A new cellular mechanism, called the endocycle, encourages the formation of platelets, the cells needed to coagulate blood. In mouse models, endocycles can help to control thrombocytopenia, a disease caused by a deficit in platelet production that causes heavy haemorrhaging. The new process could act as an alternative source of platelets when the normal mechanisms fail.
Thrombocytopenia is a disease characterised by a lower platelet level than normal. Platelets are tiny cells that participate in the coagulation of blood. Patients usually suffer uncontrolled bleeding that gives rise to hematomas and haemorrhages, and even death. Understanding how these cells are produced by the body, then, could be of great use for alleviating the illness, whose incidence increases exponentially in those patients who undergo chemotherapy. Such is the gravity of the symptoms in these patients that they can even lead to the suspension of the treatment.

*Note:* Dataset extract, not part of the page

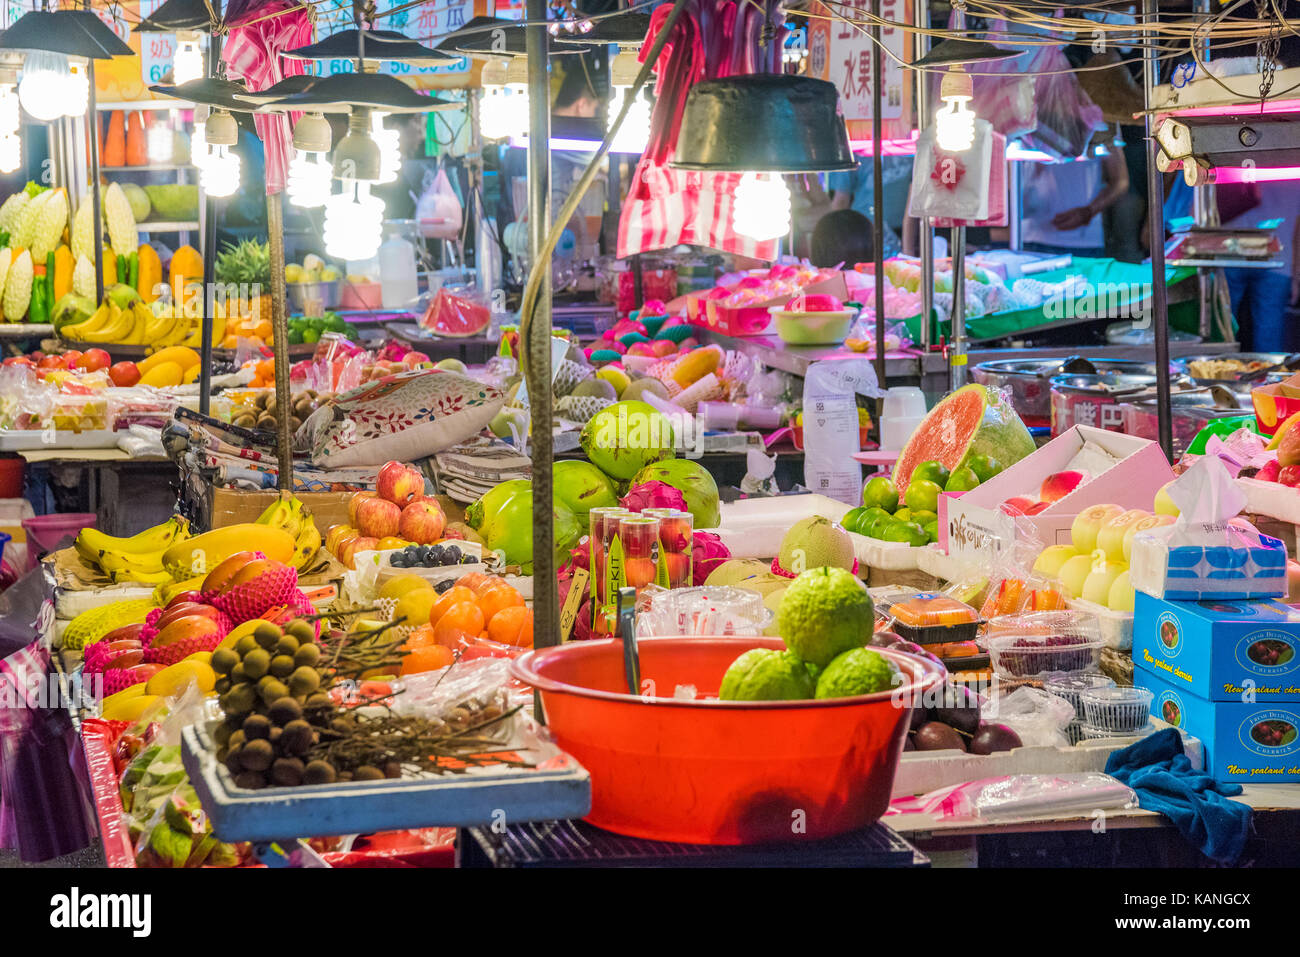 TAIPEI, TAIWAN - JULY 14: This is a typical night market fruit stall which are common across night markets in Taiwan on July 14, 2017 in Taipei Stock Photo

A study published today by the Spanish National Cancer Research Centre's Cell Division & Cancer Group in the journal Developmental Cell describes how the cells that give rise to platelets, megakaryocytes, can be reprogrammed artificially into platelets to rebuild their levels in the blood. As Marcos Malumbres, the study's lead researcher, says, "the results can not only help treatment of thrombocytopenia, but also encourage the design of improved therapies to treat cancer."
Platelets are produced in a very peculiar, rare way in humans, or even in other animal cells: megakaryocytes grow during their development to a point in which they become giant cells and then they 'break' to form miniscule cells called platelets. This growth impulse occurs via several rounds of duplication of the genetic material that produce large cells with a greater number than usual of complete sets of chromosomes.
An Alternative Source of Platelets
Via the use of genetically modified mice, Malumbres's group has explored the cellular growth agents that orchestrate this process. "Whilst the elimination of the main proteins that regulate megakaryocyte growth generates, as we thought, a reduction in the production of platelets, this didn't happen when we removed Cdk1 [a key protein for the process]," says Malumbres, adding that even "when Cdk1 was absent, the megakaryocytes were able to grow in size in a similar way to normal cells."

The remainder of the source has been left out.